Output range, inclusive: from the line containing "Кожаная куртка мужская" to the line containing "Вологодская областная научная". Restate those lines from the data below word for word and only those.

DATASET EXCERPTS

- Opening Delimiter -

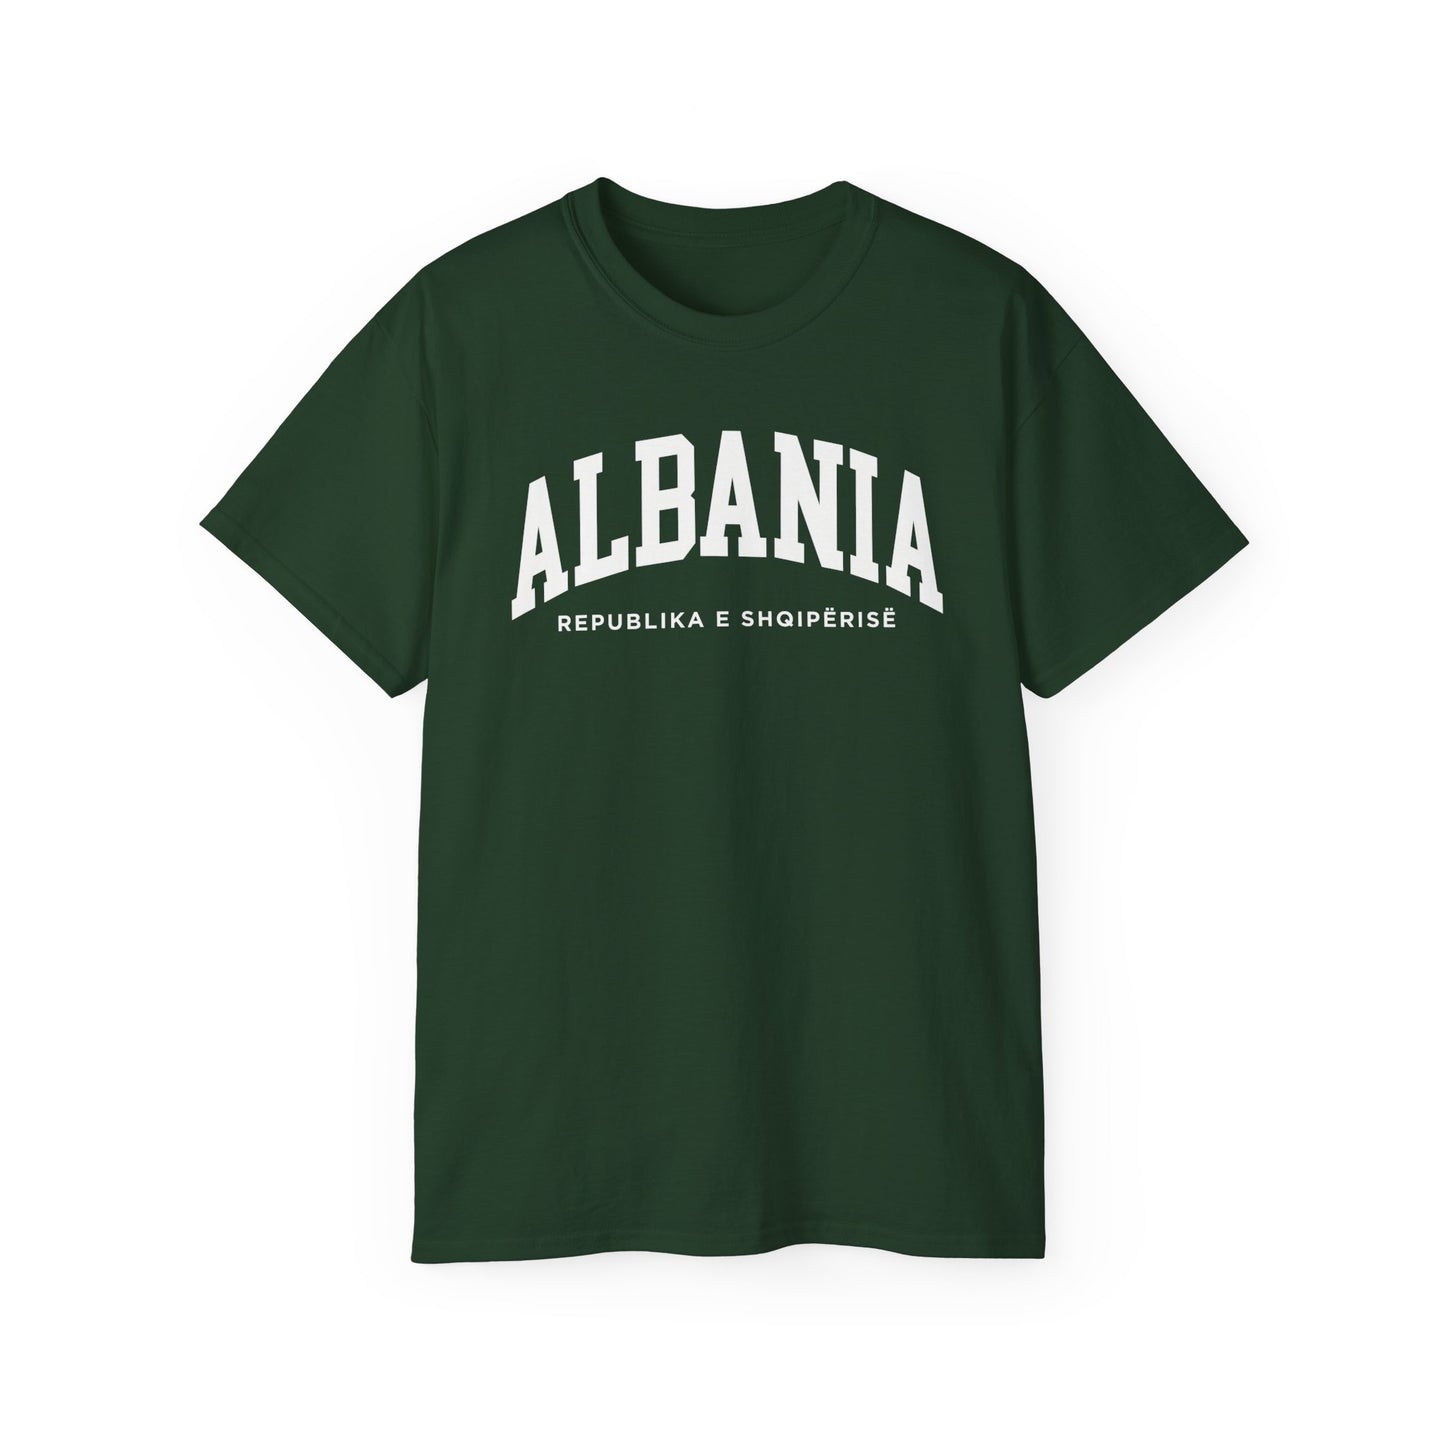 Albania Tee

- Closing Delimiter -
- Opening Delimiter -

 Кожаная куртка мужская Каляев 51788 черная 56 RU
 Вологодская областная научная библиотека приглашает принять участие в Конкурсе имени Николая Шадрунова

- Closing Delimiter -
- Opening Delimiter -

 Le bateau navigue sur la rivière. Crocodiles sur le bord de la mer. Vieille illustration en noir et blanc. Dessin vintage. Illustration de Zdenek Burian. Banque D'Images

- Closing Delimiter -

YOUR SOLUTION
 Кожаная куртка мужская Каляев 51788 черная 56 RU
 Вологодская областная научная библиотека приглашает принять участие в Конкурсе имени Николая Шадрунова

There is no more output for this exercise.